( Read more... )
( Read more... )
Optimal angular resolution for face-symmetric drawings (with Kevin Wortman). In this paper, we consider drawings of planar partial cubes in which all interior faces are centrally symmetric convex polygons, as in my previous paper Algorithms for Drawing Media from Graph Drawing 2004. Among all drawings of this type, we show how to find the one with optimal angular resolution. The specific motivation was to improve the drawing I showed in this post to be more legible, so that it could be used in my recent paper on squaregraphs with Bandelt and Chepoi. The solution involves the parametric negative cycle detection problem: given a graph in which the edge weights are linear functions of a parameter λ, find the minimum value of λ for which the graph contains no negative cycles. However, unlike my work with Kevin on metric embedding, the parametric graph coming from this problem falls into a special case solved by known algorithms, so we didn't need to invent a new cycle detection algorithm. We're preparing a version of this for journal publication, but the current version doesn't yet have all of the referee's requested revisions incorporated, because I wanted to have a version of this available in order to cite it from the next one:
Graph-theoretic solutions to computational geometry problems. A survey on situations in which geometric problems that are stated without reference to any graph can be solved efficiently by defining some auxiliary graph from the input and performing some graph-theoretic algorithm. For instance, the problem of partitioning a polygon with axis-parallel sides into as few rectangles as possible may be solved in polynomial time by constructing the bipartite intersection graph of its axis-aligned diagonals and finding a maximum matching in this graph.
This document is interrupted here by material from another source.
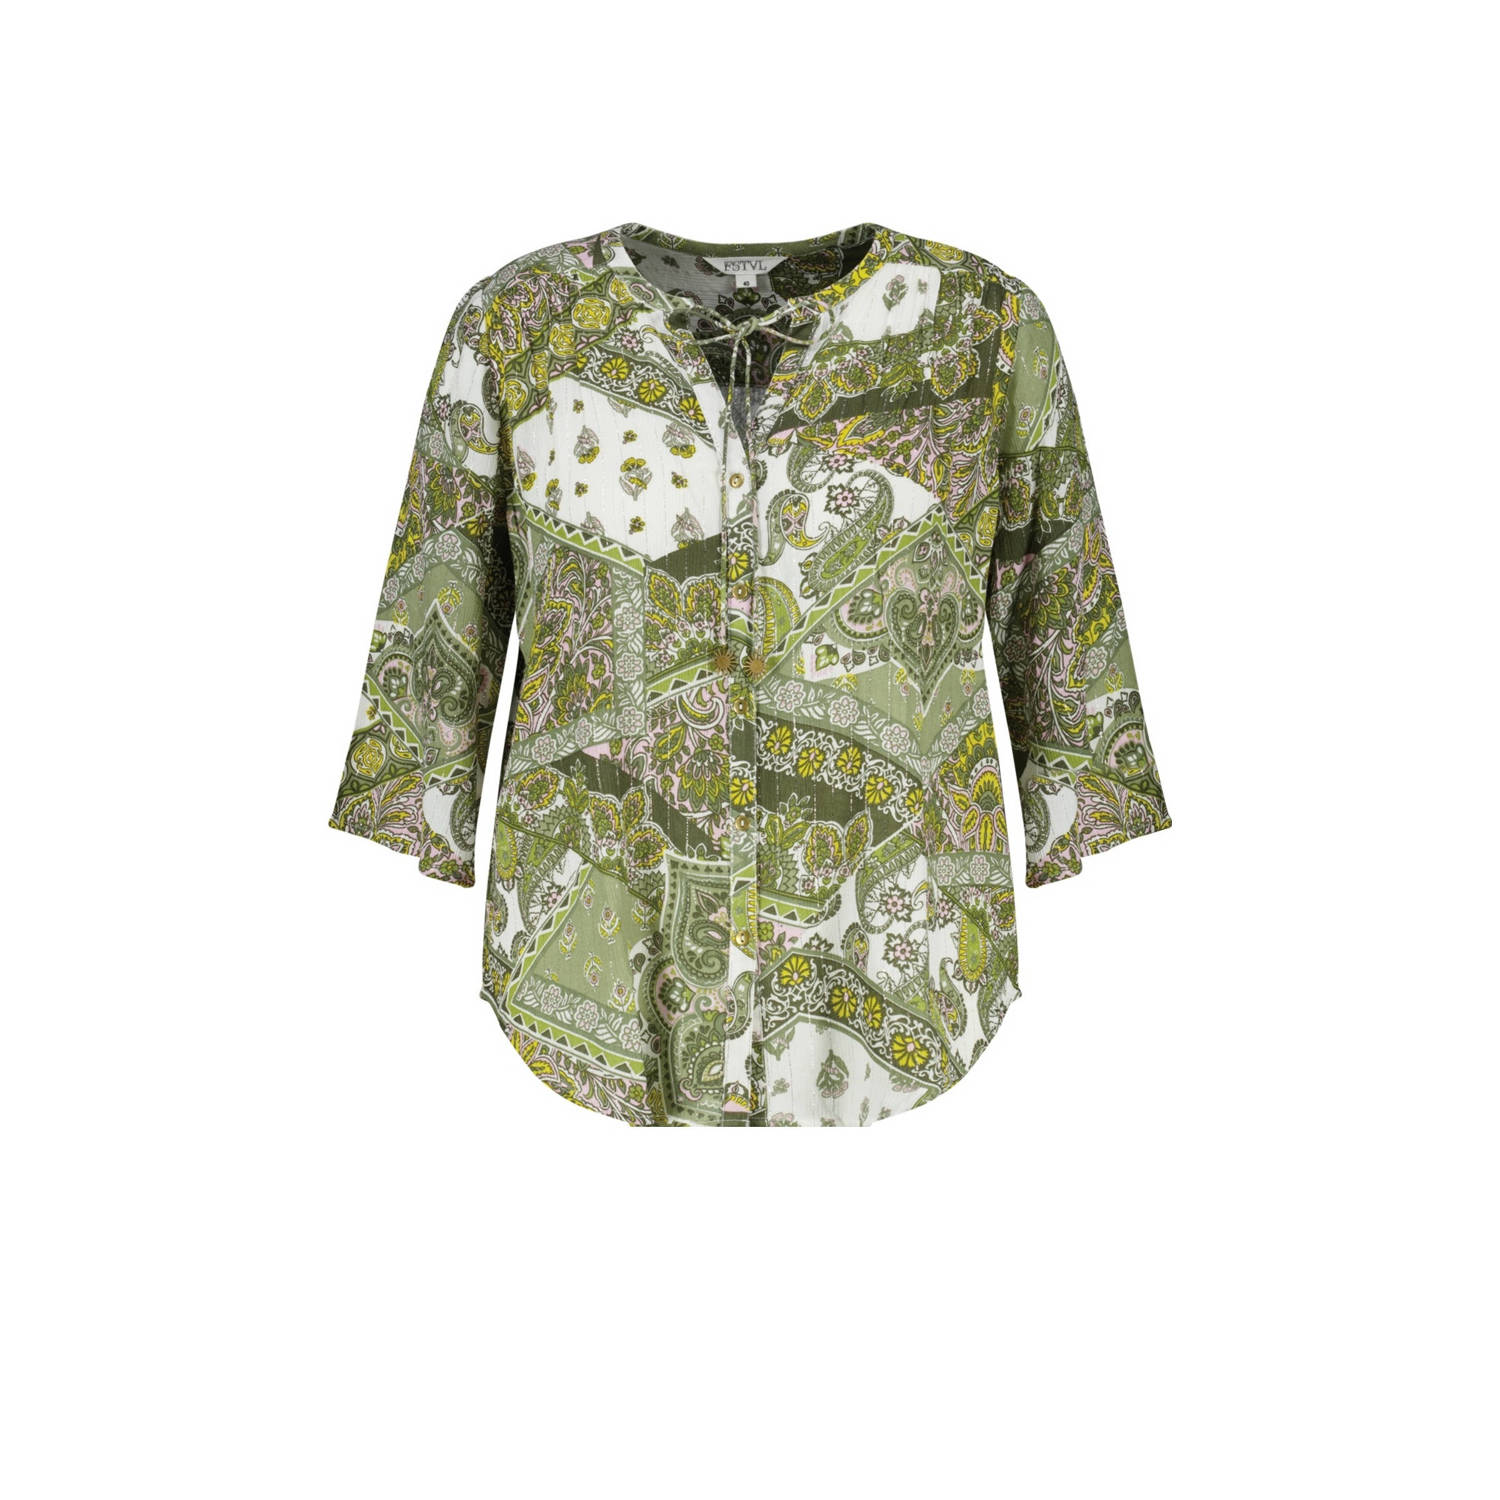 MS Mode blouse met all over print groen ecru

Essentially, this is a paper version of my talk from WG, and I wrote it backwards from the way I usually write papers and talks: usually I write a paper, then later (after it is accepted to a conference) write slides based on that paper, and deliver a talk based on those slides. But this time, I had no paper written when I needed the slides and a talk, so I worked out how to organize the material as part of the process of making slides and giving the talk, and reused the same organization for the paper itself. I used to write survey papers regularly, but lately I've tended to focus that energy on my Wikipedia editing, so it was refreshing to write something like this and not feel constrained to avoid including original research (such as the claim that kinggraphs are 4-chromatic) or original syntheses of existing ideas (the overall point of the survey).
( Read more... )
( Read more... )
A preprint I recently wrote on this subject with Sergio Cabello and Sandi Klavžar just came out on the arXiv (it's been on the IMFM preprint server for a little longer — if you're interested in graph theory, do check this link out, as it has over 1000 other papers, many of them on graphs). The idea is to investigate the lengths of the bitstrings needed to label a given graph so that graph distance equals Hamming distance and so that no label contains two consecutive ones. That is, we wish to embed graphs isometrically into Fibonacci cubes of minimum dimension. The problem turns out to be NP-hard — it is related to a version of the traveling salesman problem — but can solved exactly in some cases, such as 2d grid graphs. There are also some pretty good approximation algorithms, one of them based on lattice dimension, another based on the xkcd algorithm for traveling salesmen.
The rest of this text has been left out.